There isn’t enough capacity to refine oil into gasoline, diesel and jet fuel. The United States is the world’s largest oil producer, but U.S. capacity to turn oil into gasoline is down 900,000 barrels of oil per day since the end of 2019, according to the Energy Department.
Oil companies closed a handful of refineries in recent years, especially during the pandemic when demand plummeted. A
few new refineries will open or expand over the next year, which could help.
But for now, analysts say that strong demand for gasoline is straining limited supplies and pushing prices higher as drivers hit the road after several waves of new COVID-19 variants kept them close to home. The easing of stringent pandemic lockdowns in China has also pushed up oil prices.
The high gas prices — along with the rising costs for other necessities like food and shelter — are a big problem for President Joe Biden. Many political experts believe the Democrats could suffer losses in the November elections because voters are angry and frustrated about high inflation. A report Friday showed that consumer prices reaccelerated in May, rising 8.6 percent from a year earlier, the fastest pace in more than 40 years.
Last week, as gas prices edged closer to the $5 threshold, Biden administration officials said that the president would travel to Saudi Arabia, one of the world’s largest oil producers, in an apparent bid to restore diplomatic relations and, crucially, to seek help with bringing down energy prices. He is also encouraging domestic producers to pump more oil, although big oil companies are reluctant to increase investments significantly, preferring to return profits to investors through dividends and share buybacks.
In the past, when oil companies produced more oil in response to high prices, they caused a glut, undercutting their profits.
Republicans have called on Biden to help increase domestic oil production — for example, by allowing drilling on more federal lands and offshore, or reversing his decision to revoke a permit for a pipeline that could carry Canadian oil to Gulf Coast refineries.

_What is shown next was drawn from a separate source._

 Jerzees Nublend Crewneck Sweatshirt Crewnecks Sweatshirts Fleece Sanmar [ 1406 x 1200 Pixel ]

However, many Democrats and environmentalists would howl if Biden took those steps, which they say would undercut efforts to limit climate change. Even if Biden ignored a big faction of his
own party, it would be months or years before those measures could lead to more gasoline at U.S. service stations.
Biden has little influence on gas prices, which are governed by global supply and demand. Experts say even Saudi Arabia is not in a position to quickly bring down prices because it does not have the ability to completely offset the expected decline in Russian production. The European Union last month agreed to ban most Russian oil by the end of the year.
Impact on demand
In March, when Biden announced that the United States was banning Russian oil and natural gas, he warned Americans that “defending freedom is going to cost.” There is some evidence that the high prices are beginning to have an impact on demand. Travel experts say that some people are choosing to drive shorter distances on their vacations.

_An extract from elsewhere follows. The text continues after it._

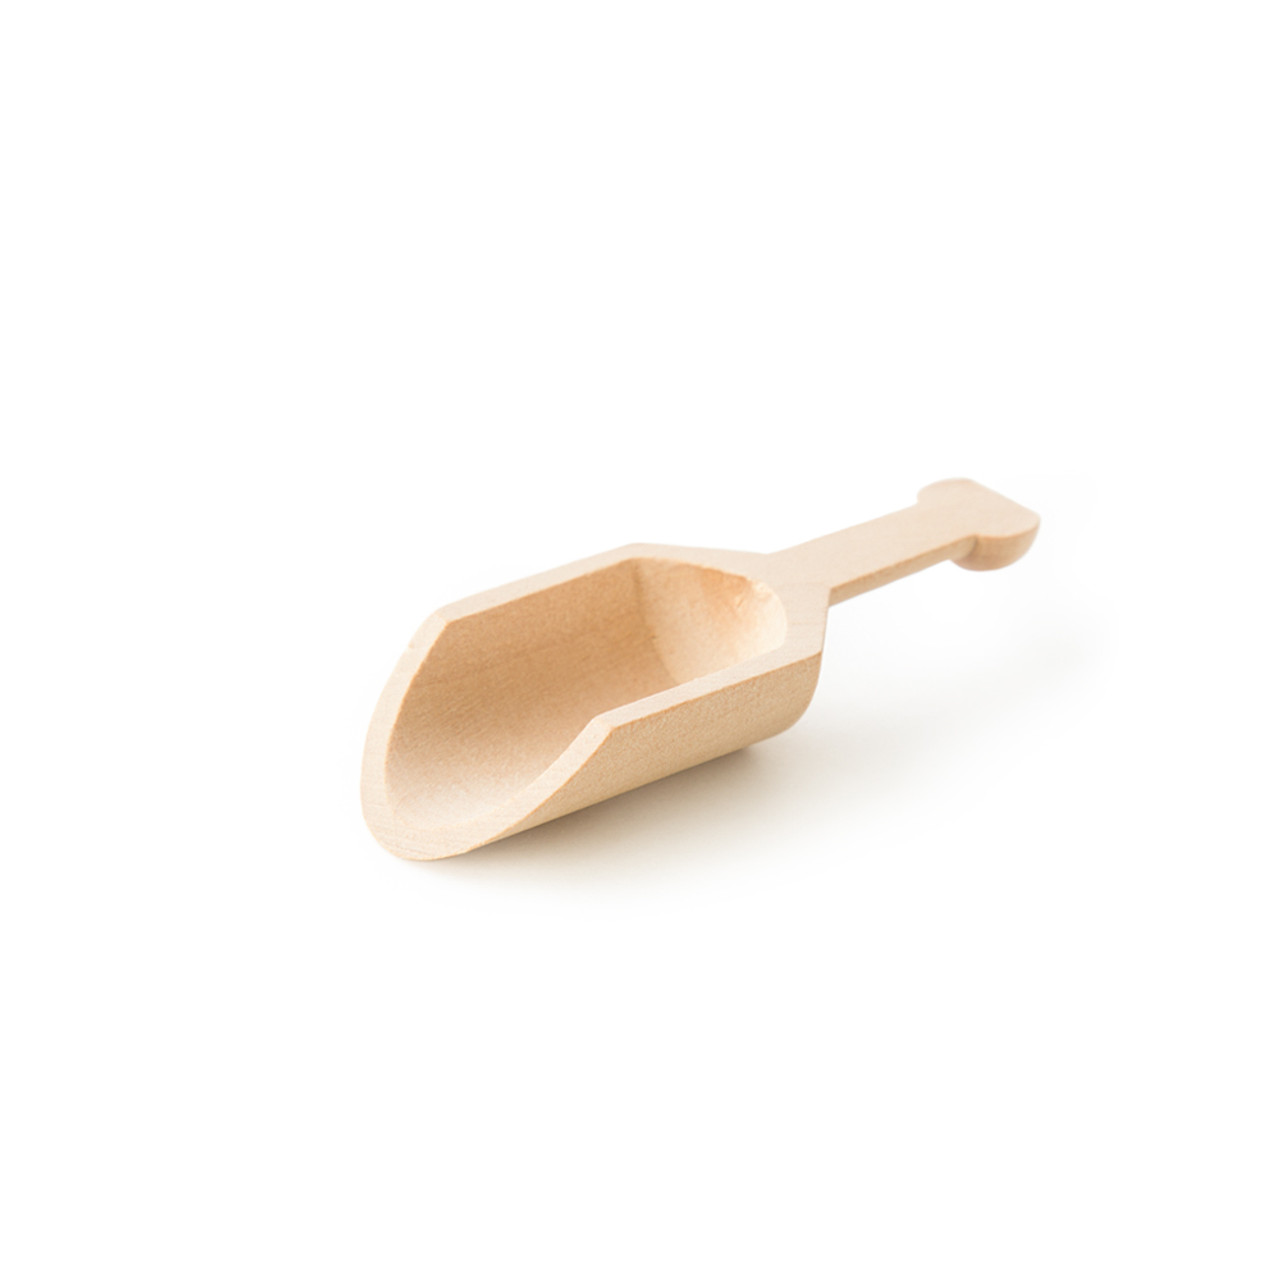 Small wood scoop, wood kitchen utensil, wooden scoop, ice cream

Higher energy prices hit lower-income families the hardest. Workers in retail and the fast-food industry can’t work from home — they must commute by car or public transportation.

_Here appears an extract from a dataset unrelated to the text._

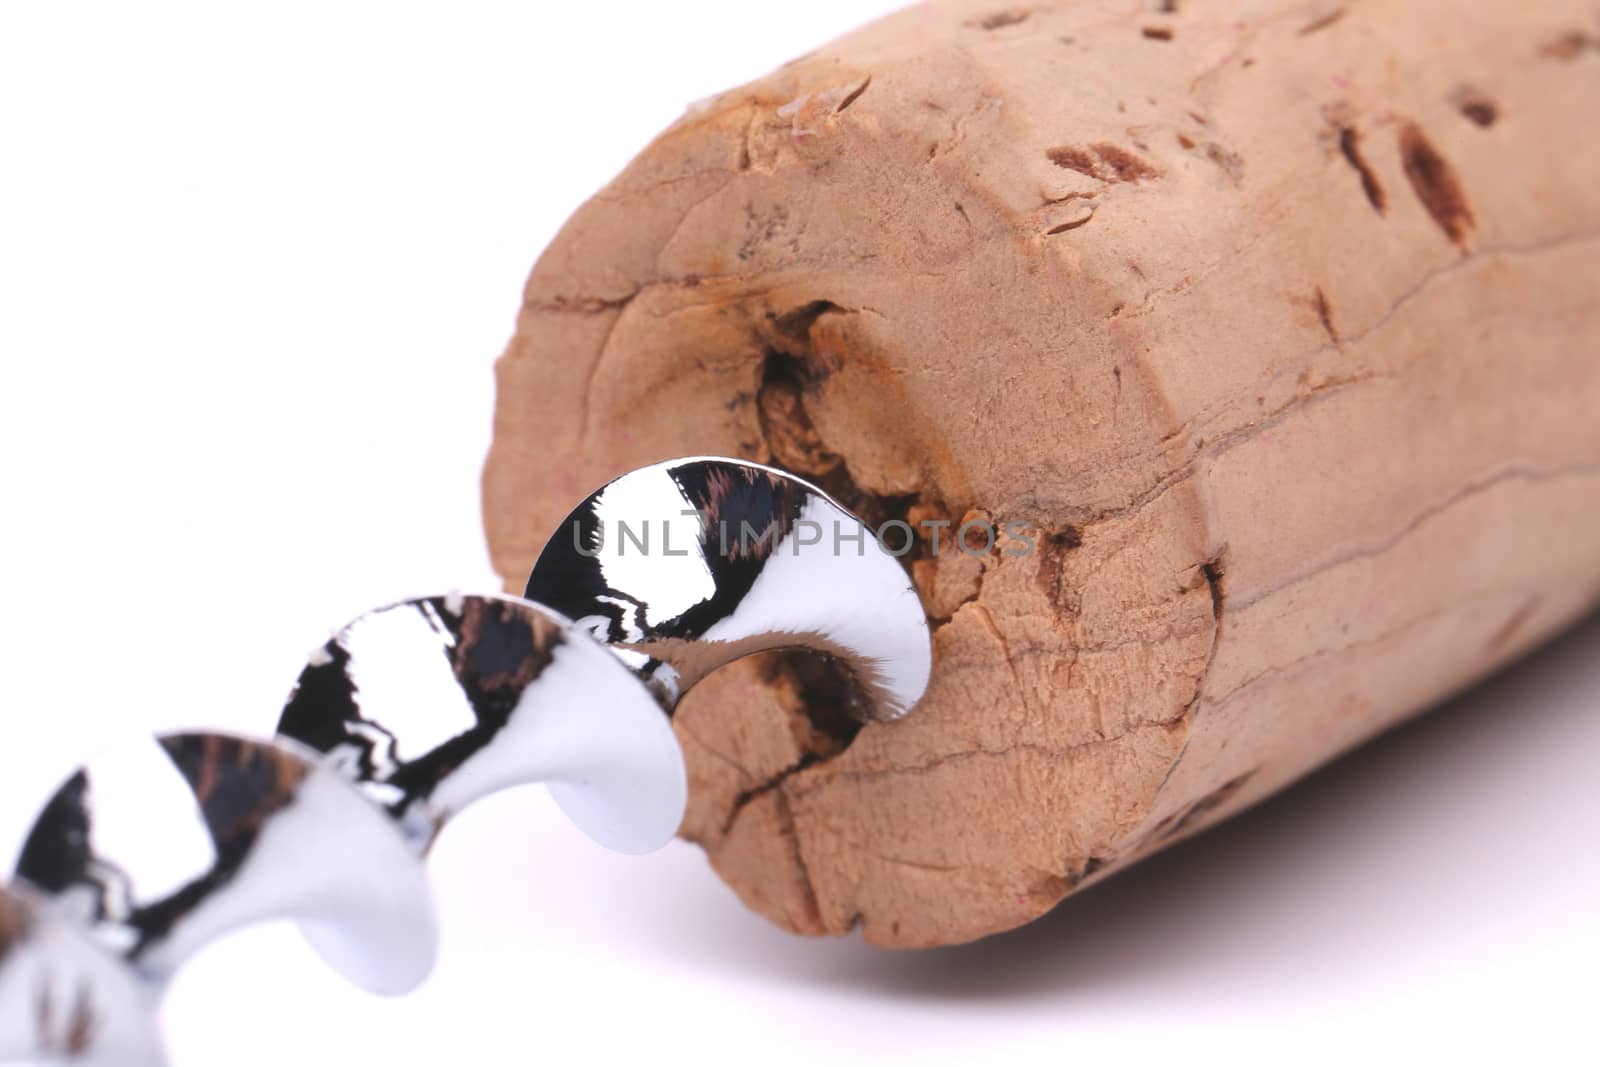 A cork and corkscrew by indigolotos

The National Energy Assistance Directors Association estimates that the 20 percent of families with the lowest income could be spending 38 percent of their income on energy including gasoline this year, up from 27 percent in 2020.
Eventually the high prices at the pump are likely to encourage motorists to switch to electric cars, but the purchases of such cars are expected to reduce demand over the coming years, not months.
“It takes a while for price increases to affect demand,” said Donald Hertzmark, president of DMP Resources, a Washington-based energy consulting firm. “Consumers have to believe the price increases are real and permanent, and there has to be some period of adjustment to substitution, conservation and demand destruction.”